Debugging is broken after updating to Cuda 12.1

Bird33 · March 10, 2023, 7:20am

Howdy,

I just updated to Cuda 12.1 and now can’t seem to get debugging to work in OptiX 7.6
I’ve updated to the latest Nsight that claims compatibility with Cuda 12.1 and latest drivers for my RTX 3090. It doesn’t work in my own projects and I tested on the optixHello sample in the OptiX 7.6 SDK and it does not work for me when I set a breakpoint and run Extensions->Nsight->Start Cuda Debugging from Visual Studio 2022.

Also printf() is not working either.

I tried debugging the CudaSamples and everything works as expected there.

I also tried on my laptop(RTX 3060) which is still using Cuda 12.0 and it works as expected too.

OptiX 7.6
Geforce RTX 3090 driver 531.18
Nsight Visual Studio Edition version 2023.1 build # 2023.10.23044
Windows 11 Pro

dhart · March 14, 2023, 6:09pm

Hi @Bird33,

Can you try debugging after setting the environment variable OPTIX_FORCE_DEPRECATED_LAUNCHER to 1? I didn’t realize we were missing this info in the OptiX Programming Guide & Release Notes, we’ll get it fixed.

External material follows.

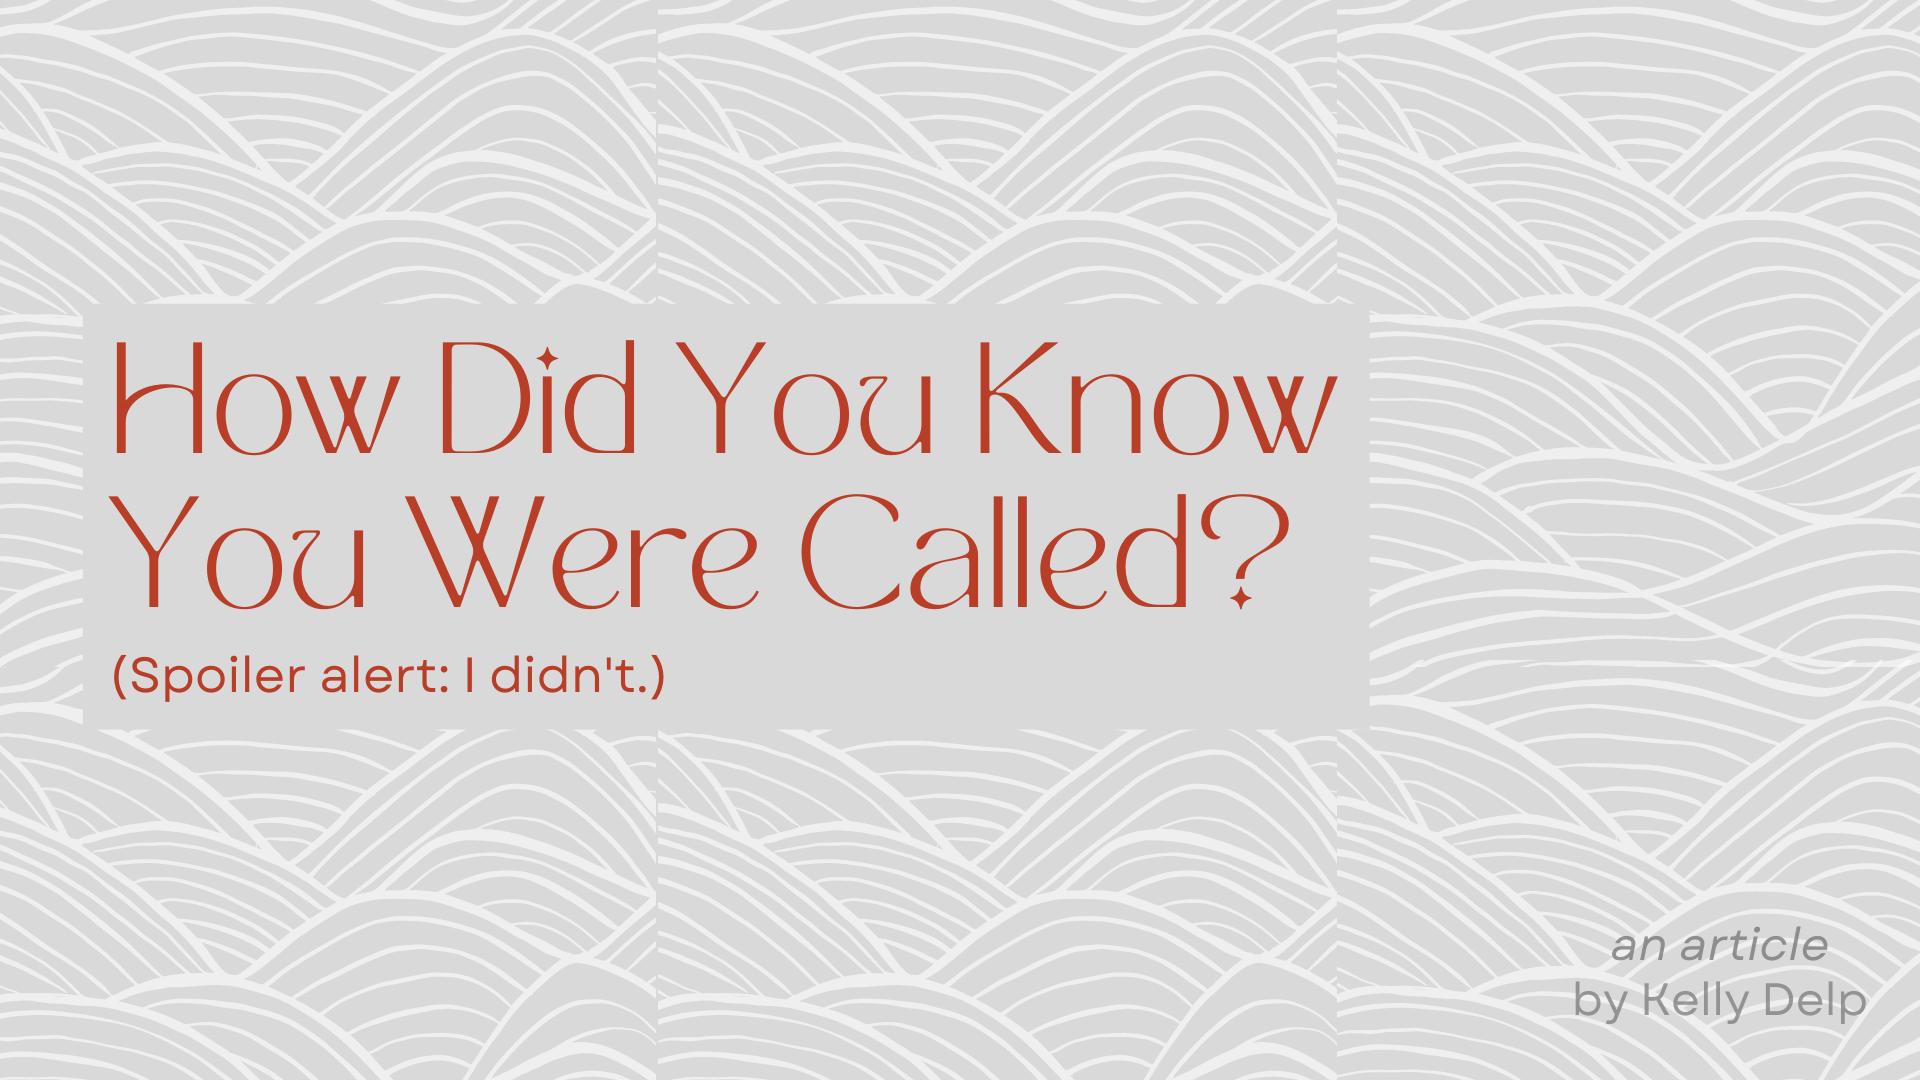 How Did You Know You Were Called?

For now there is a mention in the CUDA Programming Guide.

12.12. Debugging OptiX/RTCore applications

When debugging programs built with OptiX/RTCore, it may be necessary to set the environment variable OPTIX_FORCE_DEPRECATED_LAUNCHER to 1. If breakpoints are unable to be hit, try setting this environment variable before starting your application.

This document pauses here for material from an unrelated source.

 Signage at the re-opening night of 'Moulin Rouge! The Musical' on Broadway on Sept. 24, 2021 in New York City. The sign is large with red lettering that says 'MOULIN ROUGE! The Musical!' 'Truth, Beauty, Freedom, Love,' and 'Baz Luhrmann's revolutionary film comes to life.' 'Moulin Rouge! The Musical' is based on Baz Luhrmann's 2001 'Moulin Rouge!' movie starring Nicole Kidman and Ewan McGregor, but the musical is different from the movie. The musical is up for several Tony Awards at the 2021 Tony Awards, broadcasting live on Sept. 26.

Sorry for the debugging bumps, this is a temporary workaround due to some underlying infrastructure changes we’re making.

–
David.

Bird33 · March 14, 2023, 9:17pm

Thanks David. No worries about the bumps. :)

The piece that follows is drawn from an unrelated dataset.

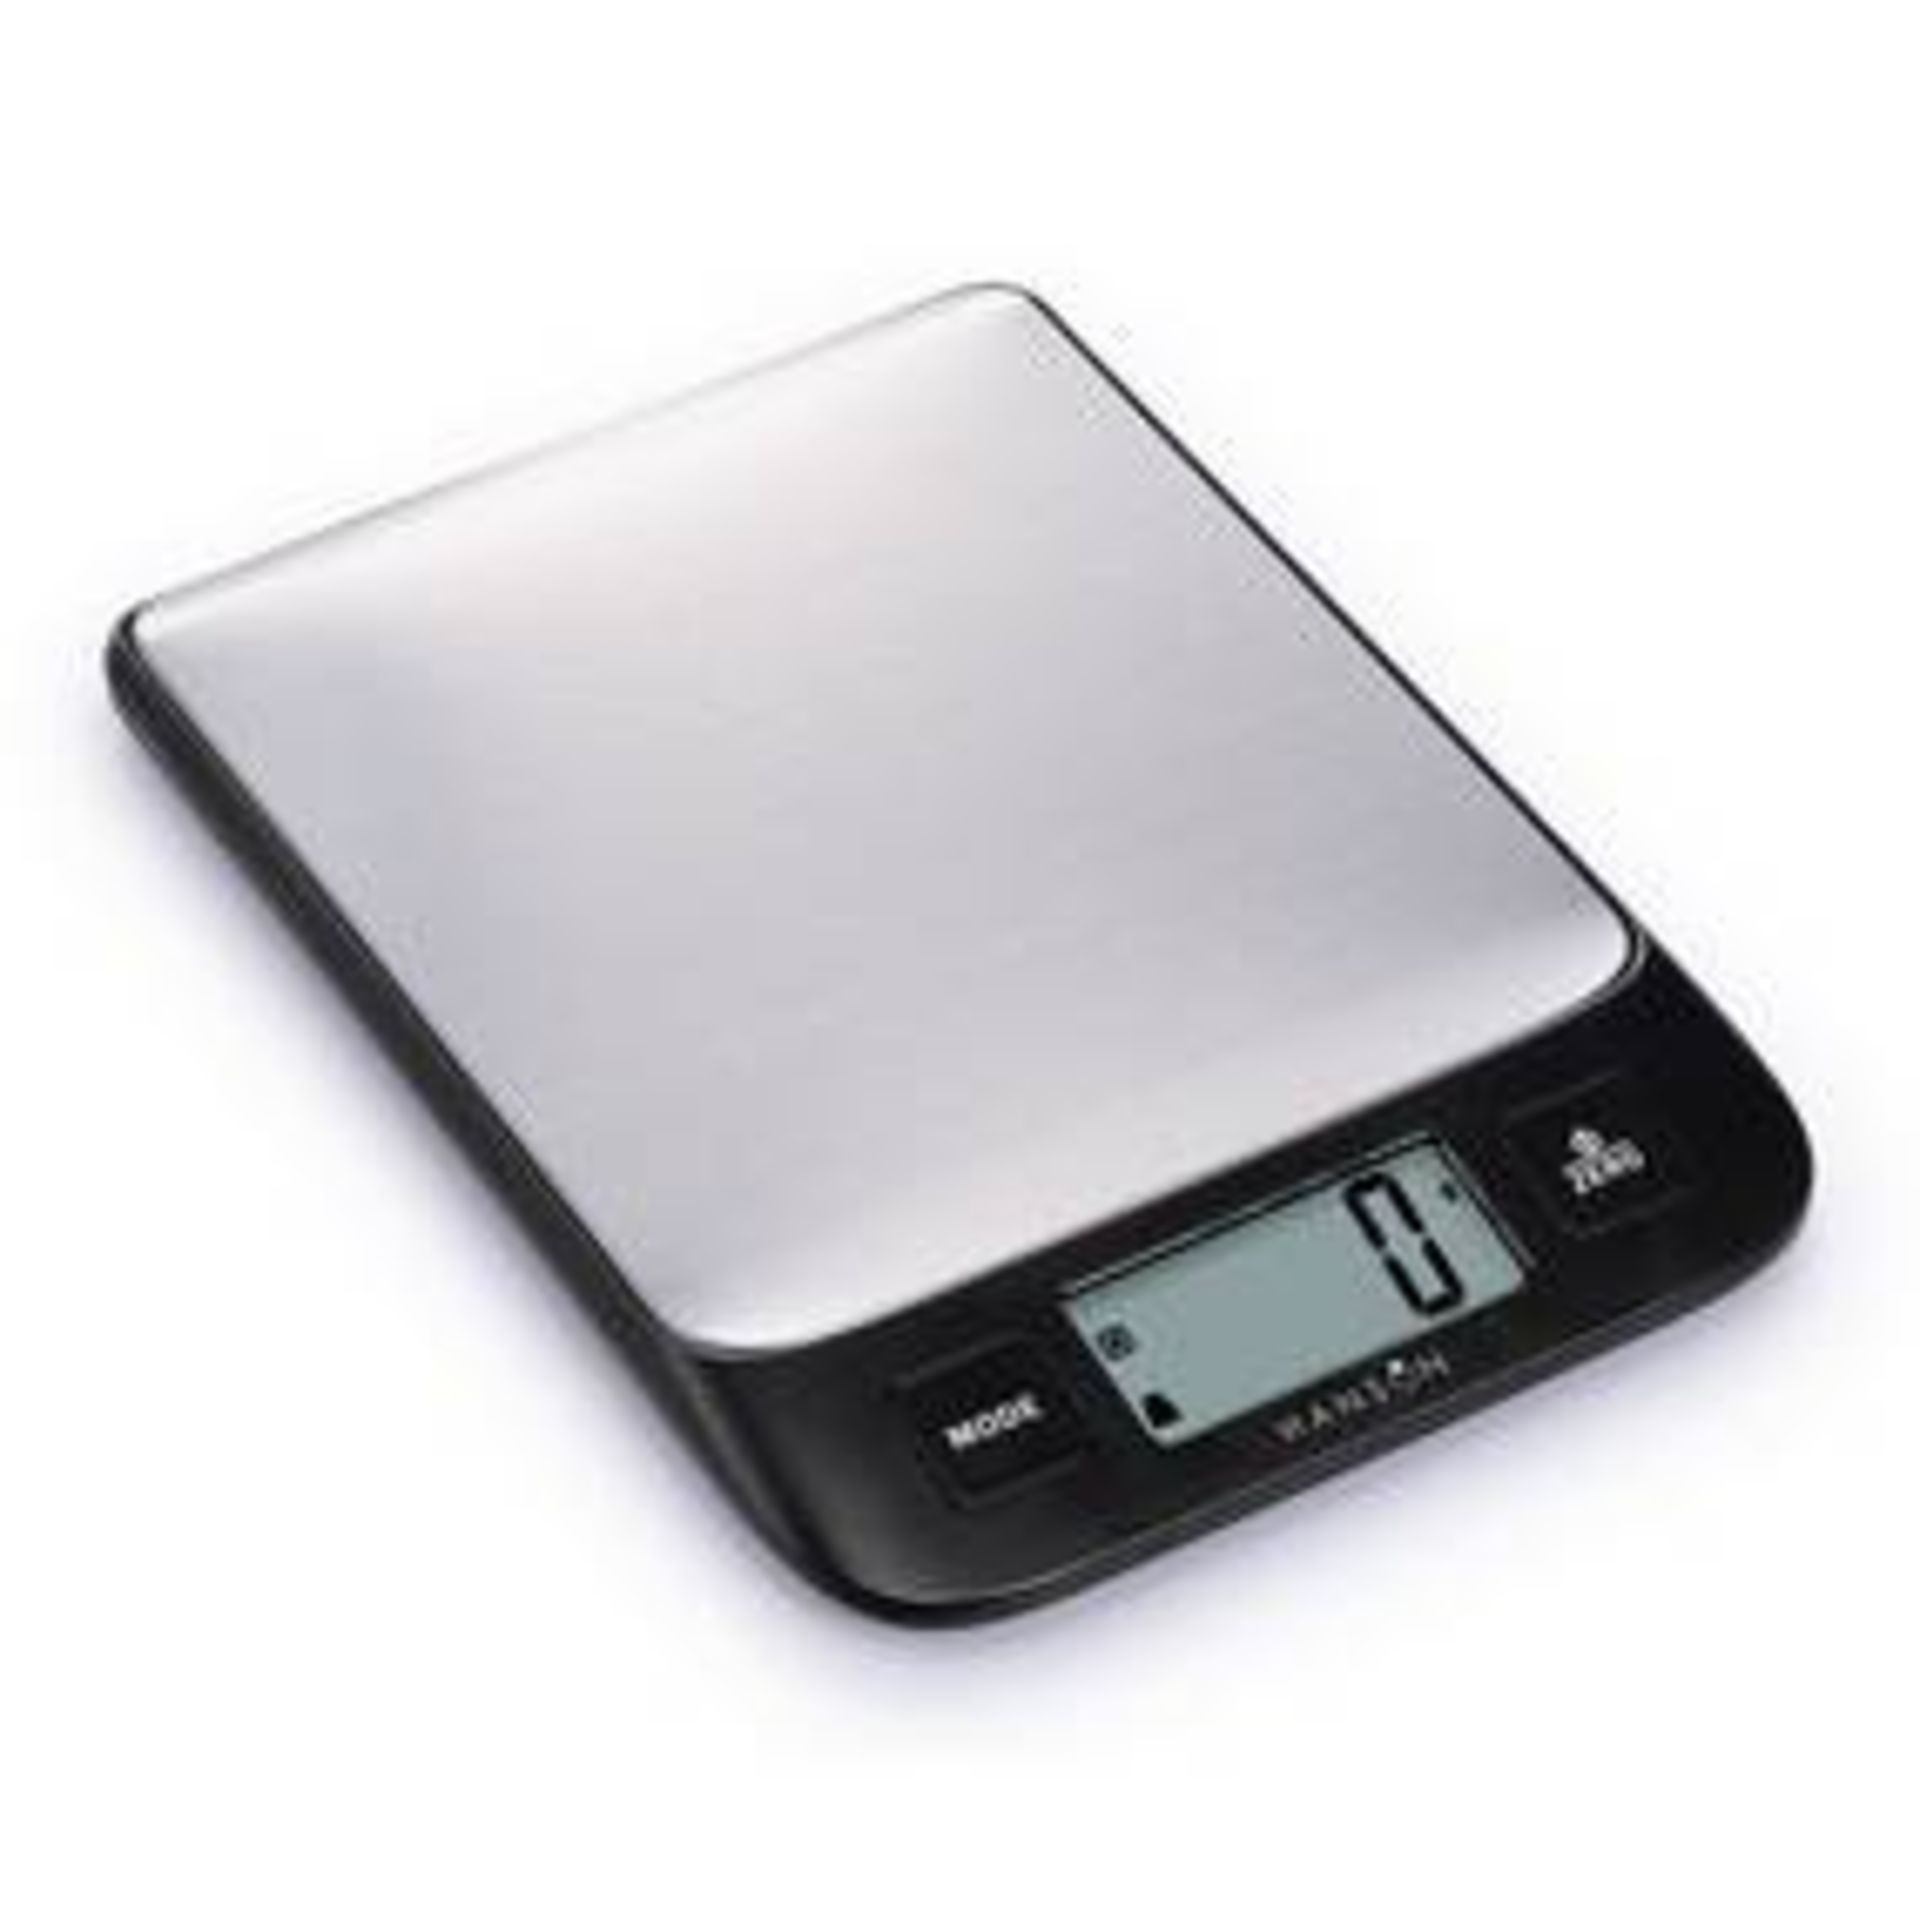 V Brand New Digital Kitchen Scales With Large LCD Display In Ibs Ozs & Grams (Styles May Vary &

With OPTIX_FORCE_DEPRECATED_LAUNCHER set, I am hitting break points now and printf() is working again too., But just so you know, I’m not getting any component values displayed for vectors like float3. I’m pretty sure that worked before the 12.1 update.

dhart · March 14, 2023, 9:35pm

Yeah the support for showing locals and structs in the debugger hasn’t yet always worked reliably, especially inside a function containing an optixTrace() call, though I think it’s improving little by little. I believe it usually does work in functions without a trace call. So this might not be super helpful or convenient, but one thing you can try is temporarily commenting the trace call, that usually seems to increase the number of things visible in the debugger.

–
David.

shocker.0x15 · March 19, 2023, 5:06pm

Does OPTIX_FORCE_DEPRECATED_LAUNCHER affect more than debugging feature?
My program that crashed only in Debug build without this env variable runs without crash when I set the variable.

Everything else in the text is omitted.